Overview
Arjan Brussee, co-founder of Guerrilla Games and former technical director at Epic Games, has left the American studio to develop a new game engine he calls "the Immense Engine." The engine is positioned as a fully European alternative to Unreal Engine and Unity, built from the ground up around artificial intelligence.
Brussee revealed his plans on the Dutch tech podcast De Technoloog, describing a vision for engine development that incorporates AI agents as core modules, with large language models integrated directly into the software framework. [1]
What the Immense Engine Does
Unlike existing engines designed for manual workflows, the Immense Engine will use AI agents as fundamental building blocks. Brussee stated, according to translated remarks reported by Video Games Chronicle: "If you are smart and know how to put a good framework of AI agents to work, you can do the work of ten or fifteen people." He added that "the rise of AI means that we need to approach the development of this kind of crucial software differently." [2]
The engine is explicitly designed to be AI-native, meaning large language models are not bolted on as an afterthought but are integrated directly into the engine's architecture. This approach could dramatically reduce the number of developers needed to create games, simulations, or other real-time 3D applications.
European Sovereignty Play
The Immense Engine is explicitly framed as a matter of European technological independence. "No one is currently making an engine that is fully European-hosted, built by Europeans, and complies with European rules and guidelines," Brussee said. [1]

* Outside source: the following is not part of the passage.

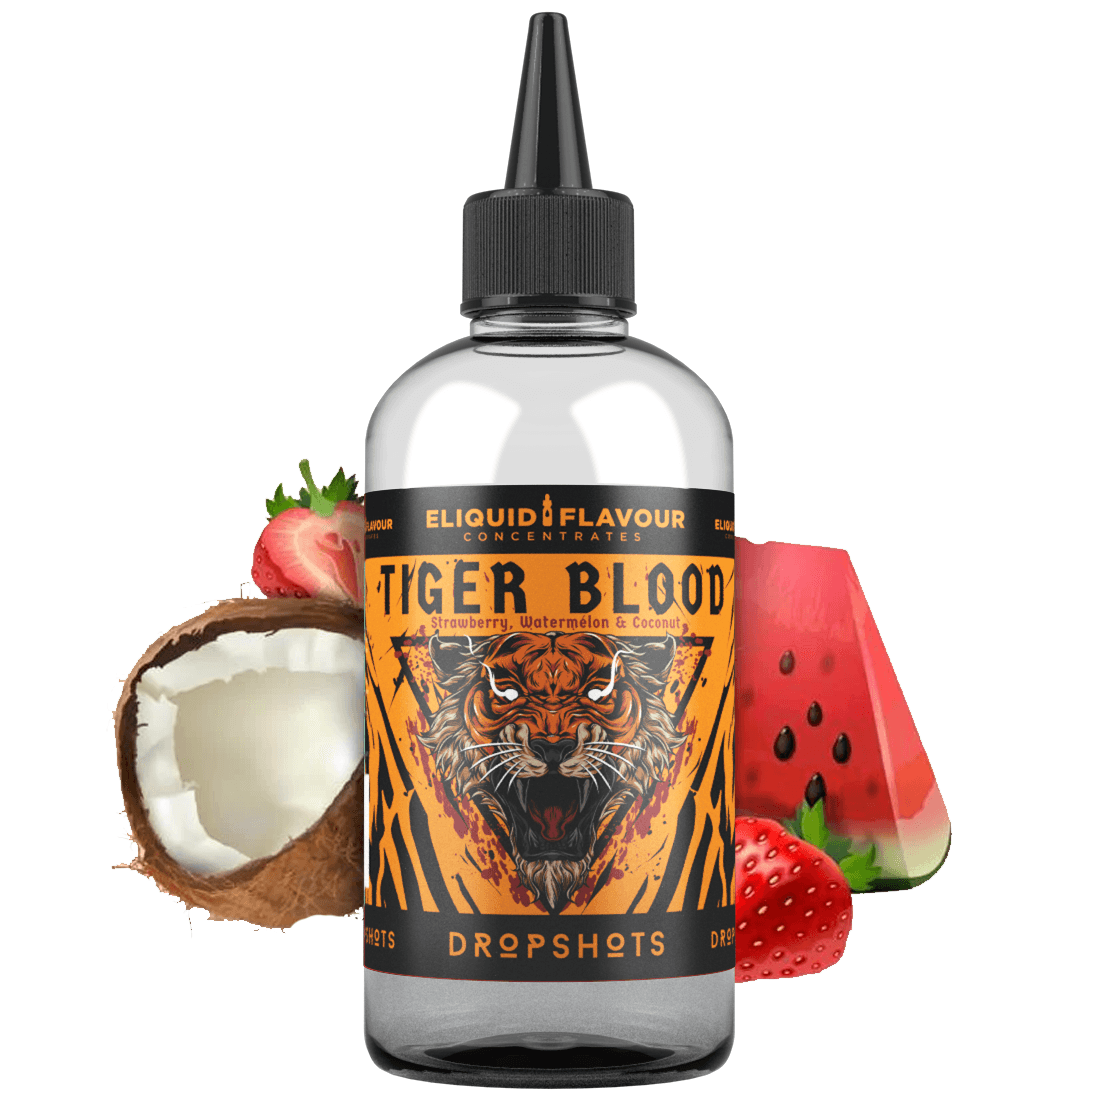 ELFC Dropshots - Tiger Blood 200ml Shortfill
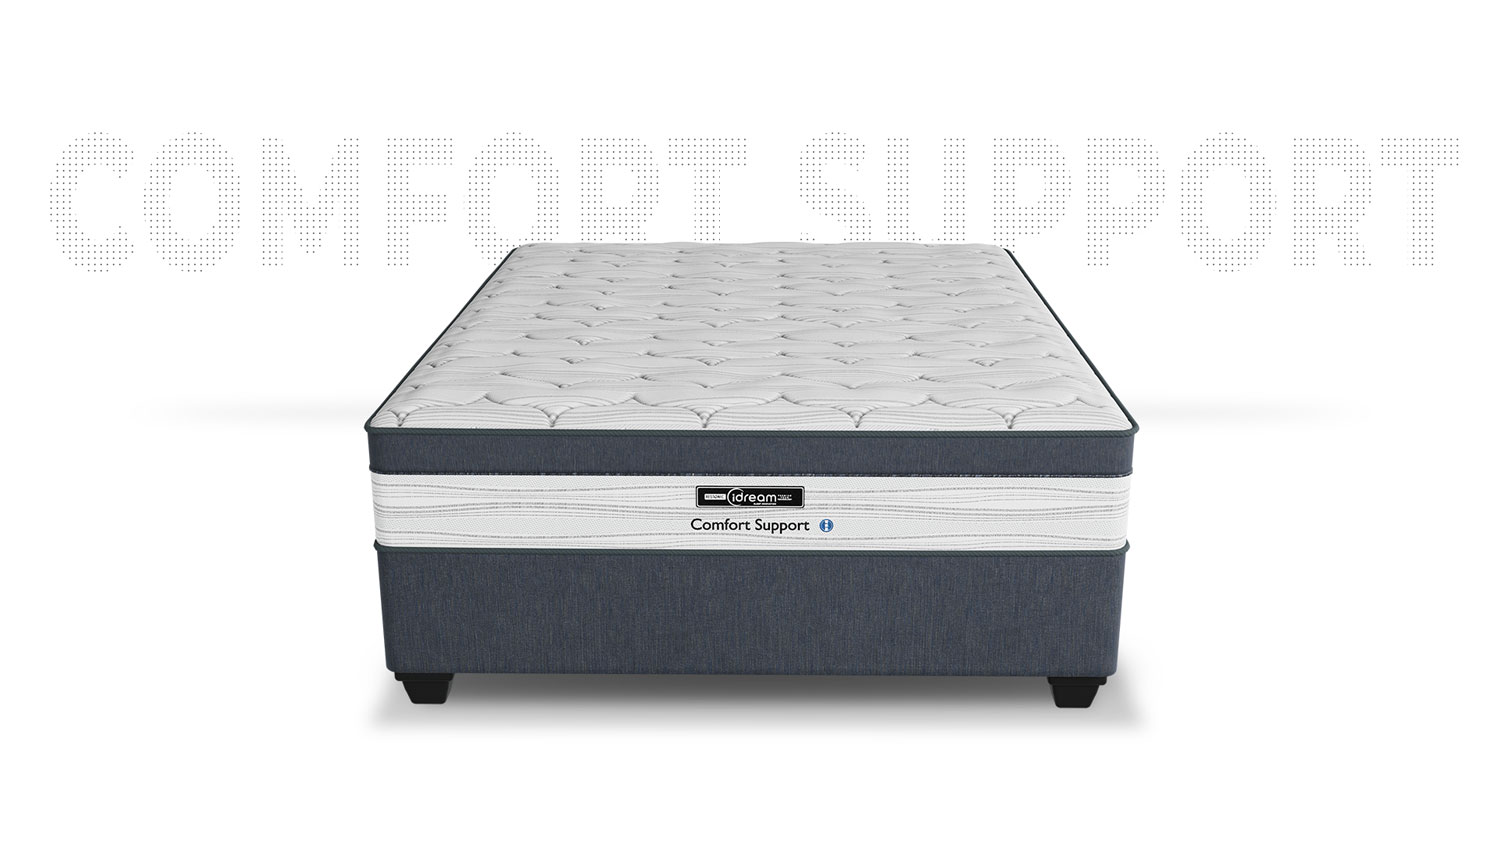 idream comfort support bed

He is developing the project through a Dutch startup, with applications intended to extend well beyond gaming into defence and logistics — sectors where European data sovereignty and regulatory compliance carry particular weight. [3]
The announcement comes amid a broader European push to reduce reliance on American technology platforms. Gizmodo noted that the French government recently began transitioning from Windows to Linux, part of a growing pattern of digital sovereignty efforts across the continent. [1]
Credibility and Caution
Brussee's credentials lend weight to the undertaking. He co-founded Guerrilla Games, the Amsterdam-based studio behind the Killzone and Horizon series, and spent years at Epic Games working on Fortnite and Unreal Engine as technical director. He also co-created Jazz Jackrabbit with Epic's Tim Sweeney in the 1990s. [2][3]
Still, no launch date, technical specifications, or funding details have been disclosed. European game engines have struggled historically — Germany's CryEngine, associated with the Far Cry franchise, never achieved broad adoption outside first-person shooters. Whether the Immense Engine can overcome similar challenges remains an open question, though Brussee's track record on both sides of the Atlantic gives the effort a foundation few competitors could claim. [1]
Tradeoffs and Open Questions
- No technical details yet: No information on rendering pipelines, physics systems, or supported platforms has been released.
- Funding unknown: It is unclear whether the project is self-funded, venture-backed, or supported by European grants.
- Market adoption: Unreal Engine and Unity have massive ecosystems of developers, assets, and training materials. A new engine, even with AI advantages, faces a steep adoption curve.
- AI reliability: AI agents in game development are still experimental. Hallucinations, unpredictable behavior, and quality control remain unsolved problems in production environments.
Bottom Line
Arjan Brussee's Immense Engine is a credible attempt to build a European, AI-native alternative to Unreal Engine and Unity. The combination of a veteran developer, a clear sovereignty angle, and an AI-first architecture makes it worth watching. But until concrete technical specifications, a release timeline, and funding details emerge, it remains a promising concept rather than a proven product.